Stephen Hawking described the flight of a fictional astronaut who, passing within a black hole's event horizon, is "stretched like spaghetti" by the gravitational gradient (difference in gravitational force) from head to toe.[2] The reason this happens would be that the gravitational force exerted by the singularity would be much stronger at one end of the body than the other. If one were to fall into a black hole feet first, the gravity at their feet would be much stronger than at their head, causing the person to be vertically stretched. Along with that, the right side of the body will be pulled to the left, and the left side of the body will be pulled to the right, horizontally compressing the person.[3] However, the term spaghettification was established well before this.[4] Spaghettification of a star was imaged for the first time in 2018 by researchers observing a pair of colliding galaxies approximately 150million light-years from Earth.[5]
A simple example
In this example, four separate objects are in the space above a planet, positioned in a diamond formation. The four objects follow the lines of the gravitoelectric field,[6] directed towards the celestial body's centre. In accordance with the inverse-square law, the lowest of the four objects experiences the biggest gravitational acceleration, so that the whole formation becomes stretched into a line.

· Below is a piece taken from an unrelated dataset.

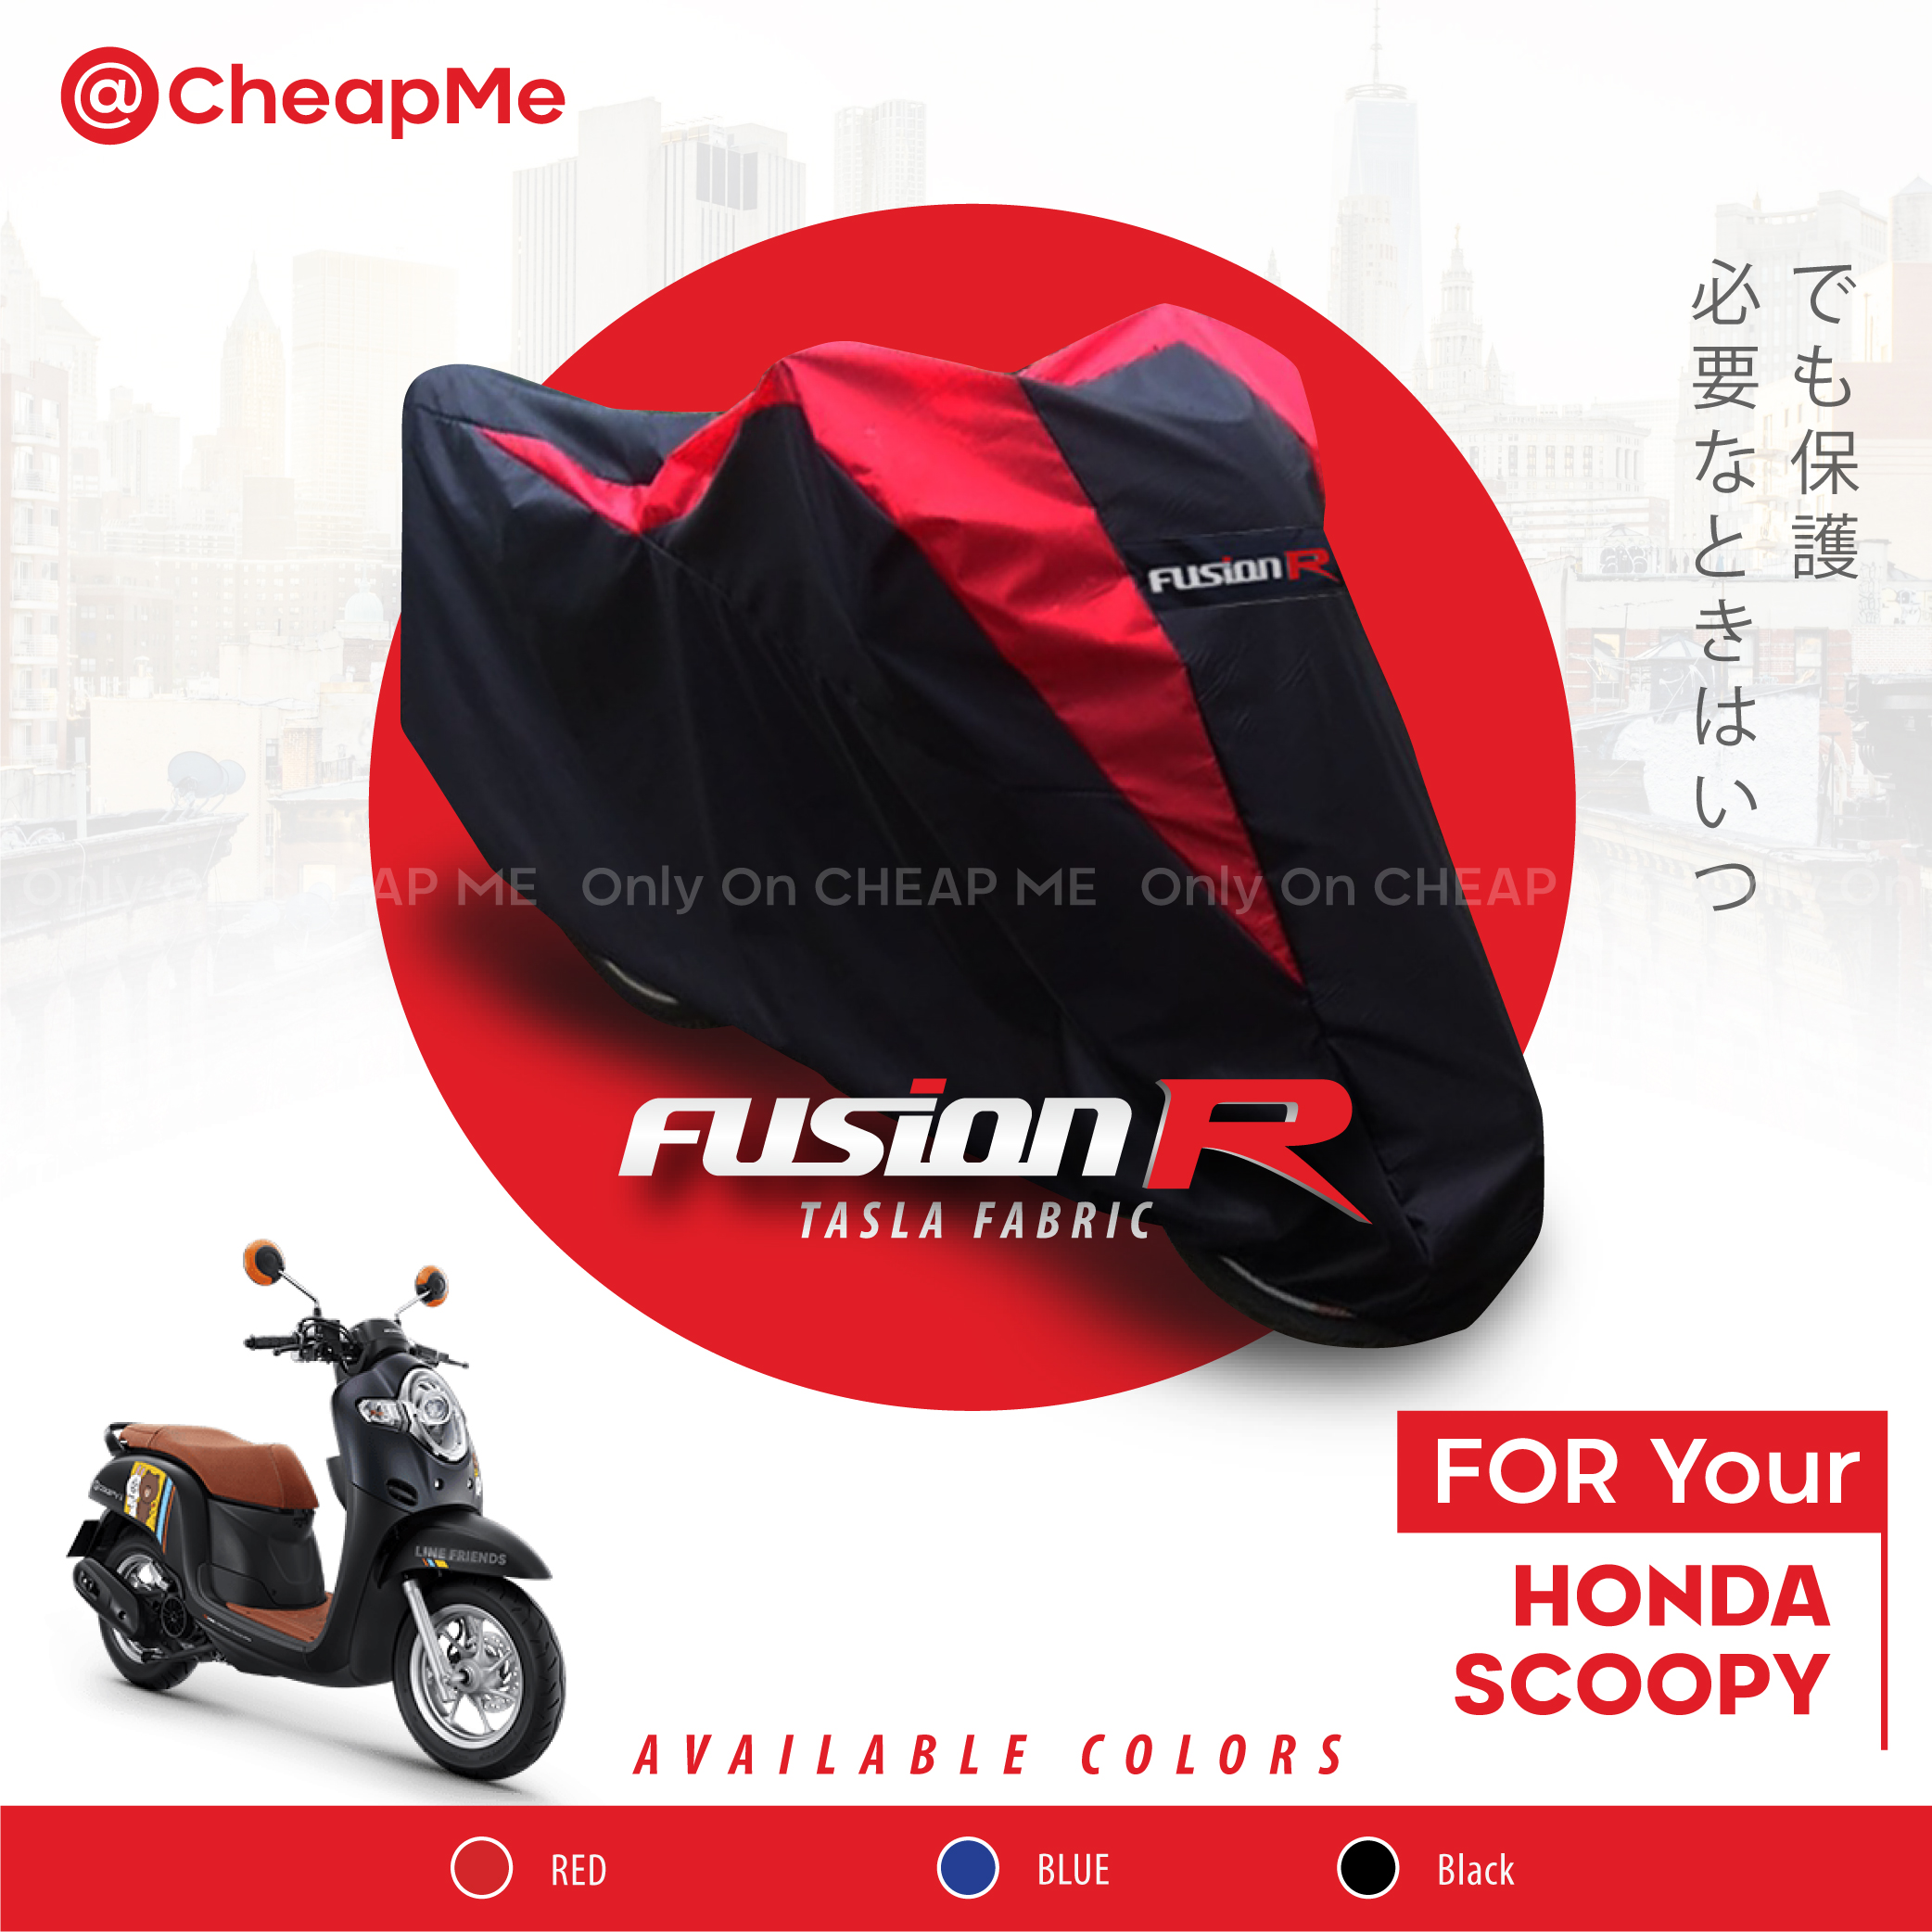 COVER MOTOR SCOOPY PREMIUM QUALITY / SARUNG MOTOR SCOOPY FUSION R / PENUTUP SELIMUT MOTOR HONDA SCOOPY
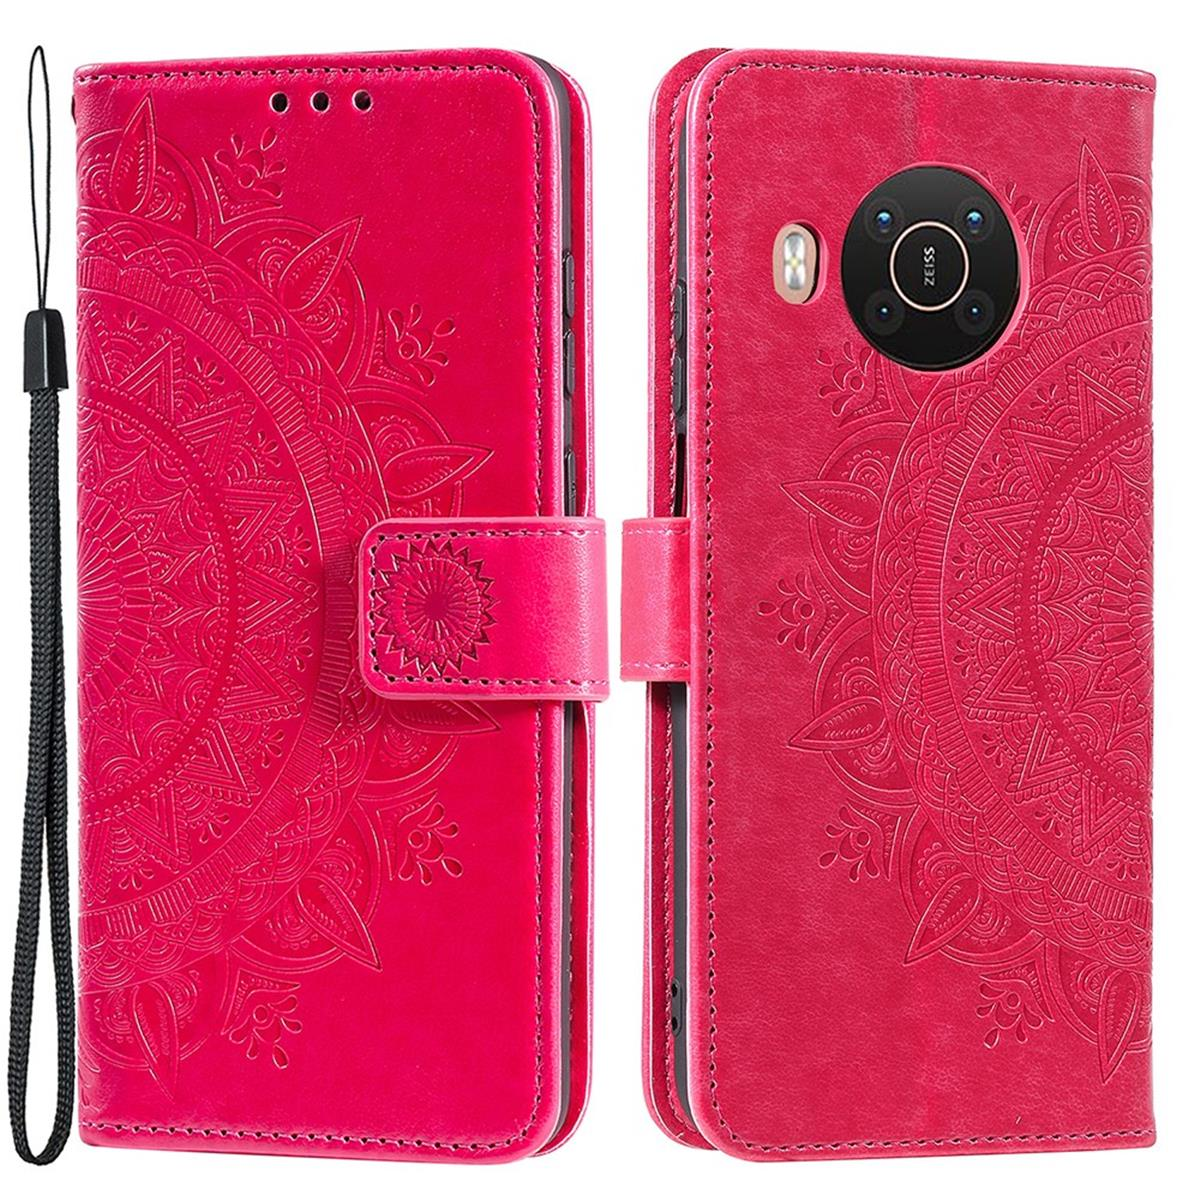 mit Bookcover, COVERKINGZ Muster, Mandala Klapphülle Pink Nokia, X10/X20,

These four objects are connected parts of a larger object. A rigid body will resist distortion, and internal elastic forces develop as the body distorts to balance the tidal forces, so attaining mechanical equilibrium. If the tidal forces are too large, the body may yield and flow plastically before the tidal forces can be balanced, or fracture, producing either a filament or a vertical line of broken pieces.
In the gravity field due to a point mass or spherical mass, for a uniform rod oriented in the direction of gravity, the tensile force at the center is found by integration of the tidal force from the center to one of the ends. This gives F = μ l m/4r3, where μ is the standard gravitational parameter of the massive body, l is the length of the rod, m is rod's mass, and r is the distance to the massive body. For non-uniform objects the tensile force is smaller if more mass is near the center, and up to twice as large if more mass is at the ends. In addition, there is a horizontal compression force toward the center.
For massive bodies with a surface, the tensile force is largest near the surface, and this maximum value is only dependent on the object and the average density of the massive body (as long as the object is small relative to the massive body). For example, for a rod with a mass of 1kg and a length of 1 m, and a massive body with the average density of the Earth, this maximum tensile force due to the tidal force is only 0.4 μN.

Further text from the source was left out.